In the interest of the public, the KE and the upcoming privatisations scheduled in the next few months, the government, for the first time, is addressing these matters with great seriousness and principle, Leghari opined.
The KE CEO said that he thinks any comments or suggestions will undergo a healthy debate. It’s not about being stubborn and insisting that only one approach is correct. “Look, for matters within our control, there must certainly be checks in place. However, for market-driven elements, which are beyond our control, those should also be factored into the tariff structure.
“As far as stakeholders and their returns are concerned, I will not act as a roadblock. If shareholders are willing to accept rupee-based returns, we have no objection. However, we do not support a tariff that results in abnormal profits for shareholders at the expense of consumers. Similarly, if consumers are given an unusually low tariff at the cost of investors, the risk arises that service levels may deteriorate. I am confident that we will establish and agree upon a fair and reasonable solution.”
Leghari clarified that he is not just looking out for the interests of consumers but, as the minister of power, he is also striving to provide a healthy environment for investors in the power sector—one that does not come at the cost of consumers. Unfortunately, the regulatory system in the past has not been satisfactory. The way petitions were handled by the regulator in the past was unacceptable and created an environment that is concerning today.
He emphasised that the ministry should have had the capacity earlier, as it does now, to provide comments on such petitions, challenge them when necessary, or draw the regulator’s attention to critical issues. This would have ensured a win-win situation for both the KE and consumers.
In the past, such issues were not addressed with the IPPs or distribution companies. Historically, some companies—perhaps including the KE—received interest on working capital at rates half a percent or one percent above KIBOR as per their audited accounts. Meanwhile, consumers ended up paying 2 to 2.5 percent more. The regulator should have scrutinised such practices to ensure fairness.

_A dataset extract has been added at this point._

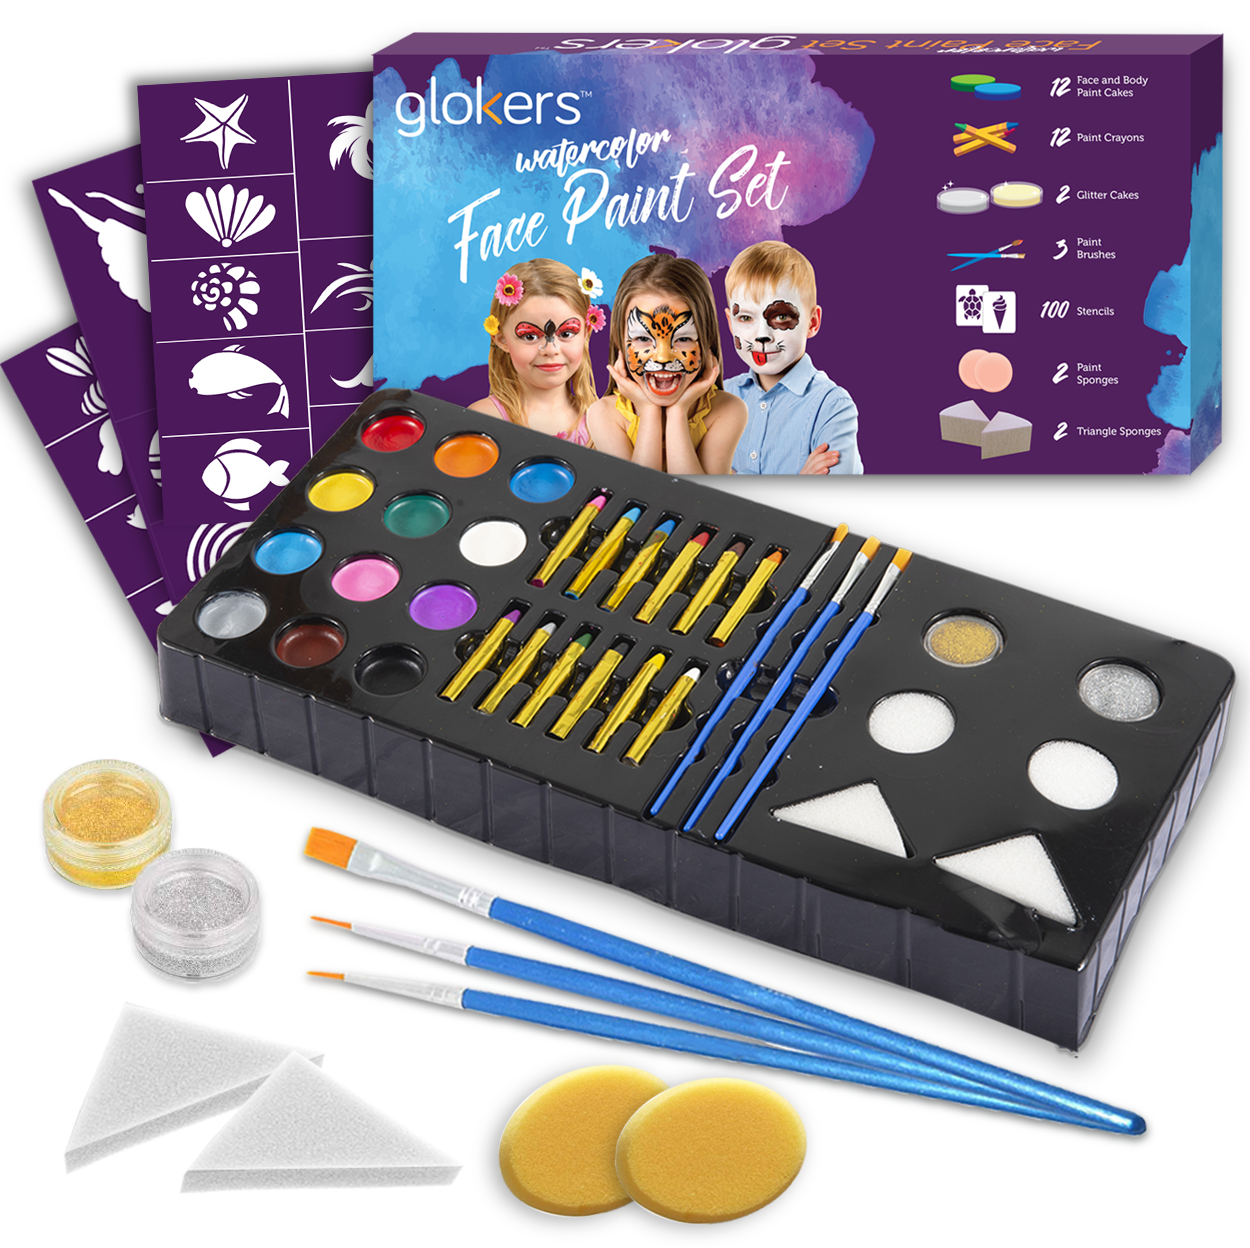 glokers Watercolor Complete Face Paint kit for Kids & Adults Great for Halloween

Additionally, the regulator should have ensured that asset depreciation for the KE or any other distribution company was only charged on the invested assets they actually owned, minister said.
“I assure you that this sector will now move forward with seriousness and on a sustainable basis, creating a better investment climate for the private sector. In this process, the interests of consumers will also be safeguarded. The regulator will need to make decisions on these matters with full dedication and efficiency. Without this, we absolutely cannot survive,” the minister said.